Cumulative Daily Sum for same day or before current record Date field in SQL

1.1k Views Asked by At

Important: I need this to be SQL Server 2000 compatible.

I need a cumulative sum but based on current date field, an update query like the one I’m using now works but it’s terribly slow (ugly implicit RBAR triangular join):

UPDATE #RPT 
SET DailySumAccum = 
      (SELECT SUM(COALESCE(CTACTE2.Amount,0))
       FROM #RPT_CTACTE CTACTE2
       WHERE CTACTE2.IsAvailable = #RPT_CTACTE.IsAvailable 
         AND CTACTE2.CodCustomer = #RPT_CTACTE.CodCustomer  
         AND CTACTE2.ItemType = #RPT_CTACTE.ItemType  
         AND CTACTE2.CodItem = #RPT_CTACTE.CodItem 
         AND EsCtaCorrienteMon = -1 
         AND DATEDIFF(day, CTACTE2.OrderDate, #RPT_CTACTE.OrderDate) >= 0) 
WHERE #RPT_CTACTE.EsSaldoAnterior = 0
  AND EsCtaCorrienteMon = -1

I’ve also tried using the cursor method for running totals, but I can’t fix the RBAR problem with it, see the date comparison is still there and it’s still terribly slow:

-- this is inside the cursor

IF (@EsCtaCorrienteMon = -1)
BEGIN
    SELECT @NetoDiarioAcum = SUM(COALESCE(Amount,0))
    FROM #RPT_CTACTE
    WHERE IsAvailable = @IsAvailable
          AND CodCustomer = @CodCustomer
          AND ItemType = @ItemType
          AND CodItem = @CodItem
          AND EsCtaCorrienteMon = -1
          AND DATEDIFF(day, OrderDate, @OrderDate) >= 0
END IF

So, the problem with this cumulative sum is that date comparison there, it’s making the query super slow (I stopped the code after running for 10 minutes, commenting this Update the cursor takes only 3 seconds to run), the row count I’ve tested are 28K, it looks the time taken is going up exponentially when the record count increases, that’s why I assume the problem is there is a RBAR going on here (meaning "Row-By-Agonizing-Row").

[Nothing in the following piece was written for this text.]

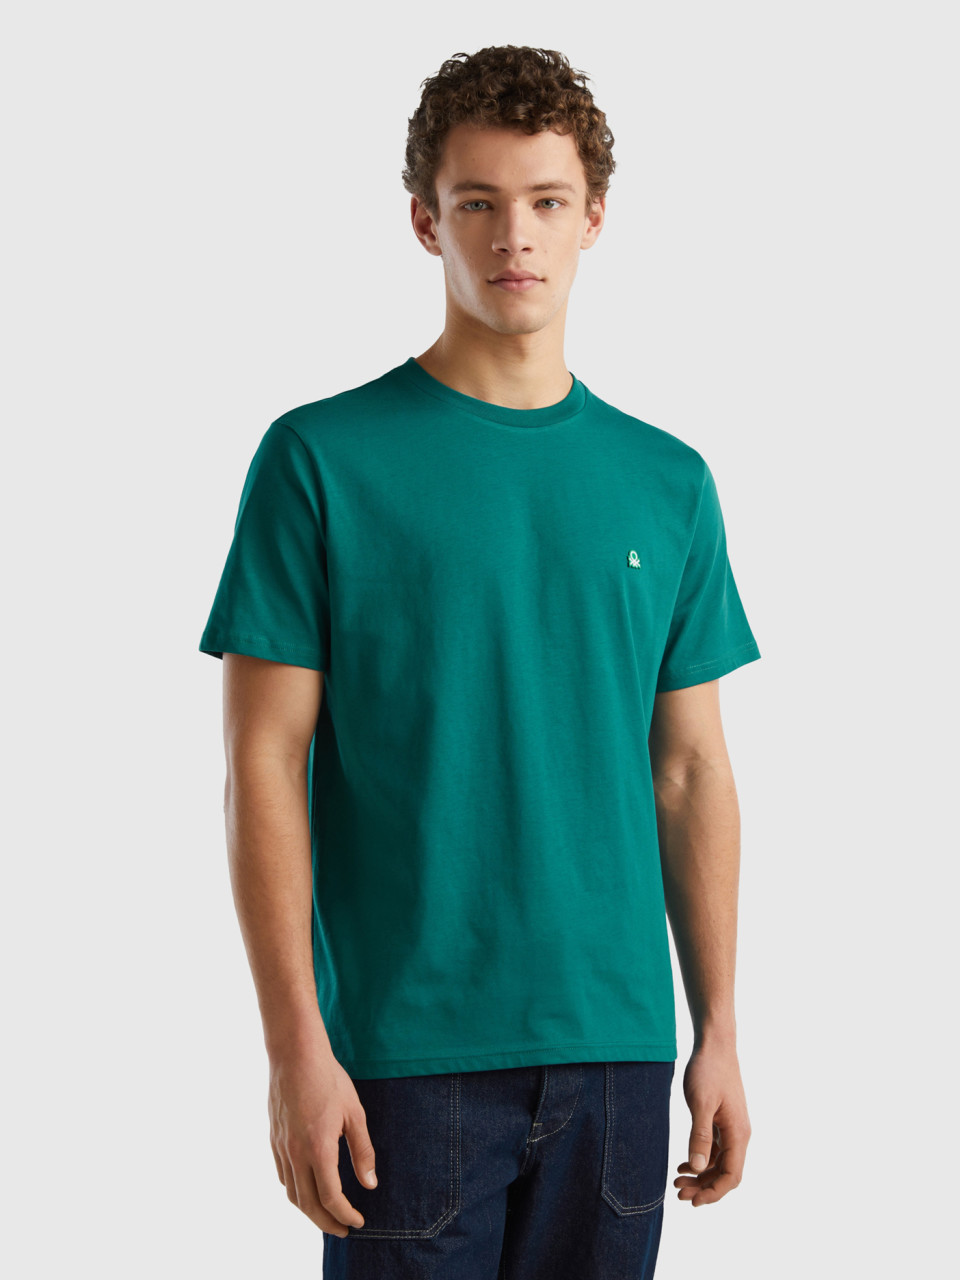 Benetton, 100% Organic Cotton Basic T-shirt, Teal, Men

EDIT: After some testing it looks the date is not the only problem, is there any way to make this Running total just by summing a variable inside a cursor or something like that?

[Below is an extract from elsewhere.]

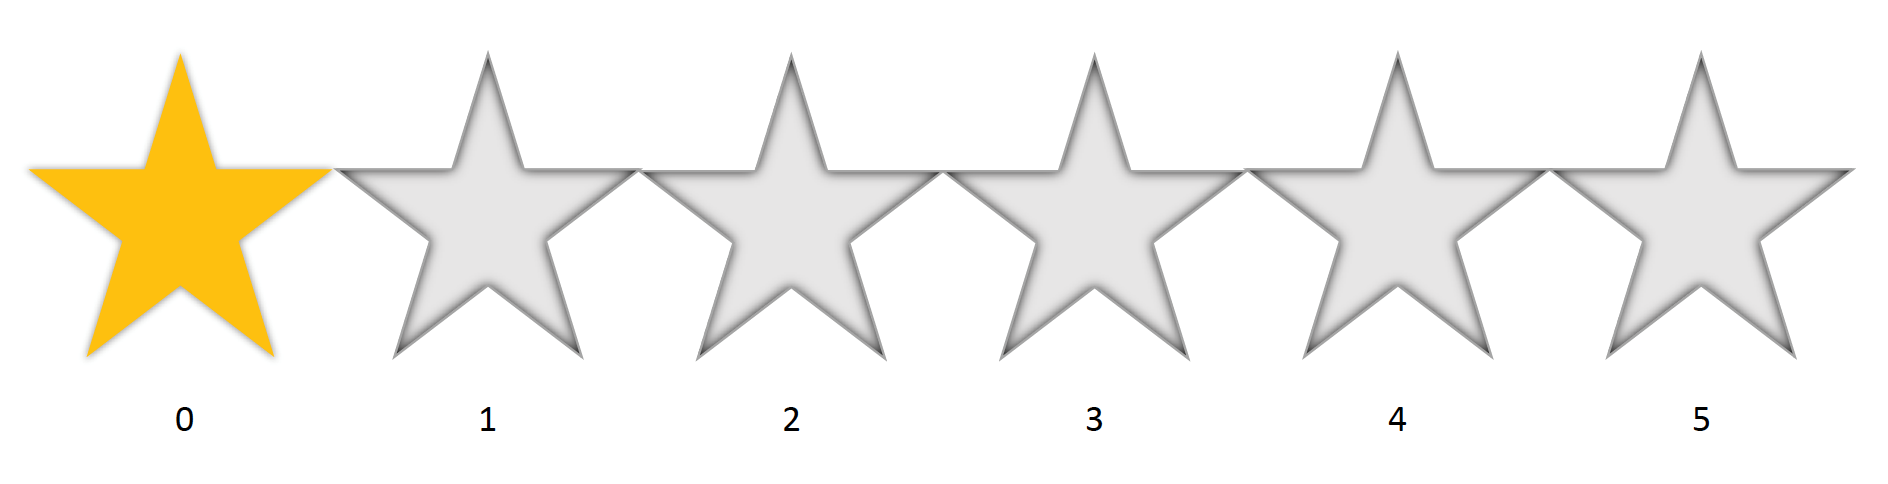 healthcare 0 star ratings

EDIT2: I’m currently looking for a way to make what the first update does (a day running total based on 4 fields and date) but faster, I’ve been close to it yesterday adding the logic manually inside a cursor but the cursor went too big and hard to mantain, so what running total technique is the best (faster) for this case? And how would you implement that technique here? It’s not a simple running total, cuts should be made when any of those fields change. The field EsSaldoAnterior change can only be 0 or -1, the update only affect the outer table when this field is 0 but the inner running totals sum even when this field is -1. EsSaldoAnterior means something like "Its Previous Amount" and it means the running totals shounldn’t start at zero, they should start summing these amounts first (when they exist), this is the order if using ORDER BY:

ORDER BY IsAvailable, CodCustomer, ItemType, CodItem, OrderDate, EsSaldoAnterior
2

There are 2 best solutions below

3
On

Try to change

AND DATEDIFF(day, CTACTE2.OrderDate, #RPT_CTACTE.OrderDate) >= 0) 

to

CTACTE2.OrderDate<DATEADD(dd, 0, DATEDIFF(dd, 0, #RPT_CTACTE.OrderDate)+1)

or

CTACTE2.OrderDate<DATEADD(dd, 1, DATEDIFF(dd, 0, #RPT_CTACTE.OrderDate))

In this case subquery should use index on CTACTE2.OrderDate

0
On

To make the inner subselect fast you need to add an index on the columns used to relate the inner query to the temptable:

CodCustomer
ItemType
CodItem
EsCtaCorrienteMon
IsAvailable
OrderDate

Add the columns with the most different values (i.e. with high selectivity) first - do not have IsAvailable first since it only has two different values.

Keep the OrderDate column last in the index to enable fast range searches within the group to make the date comparison efficient. If there are few dates per group then this comparison should not be a problem.

Try making this index clustered so that the subselect finds its rows close to the outer temptable row.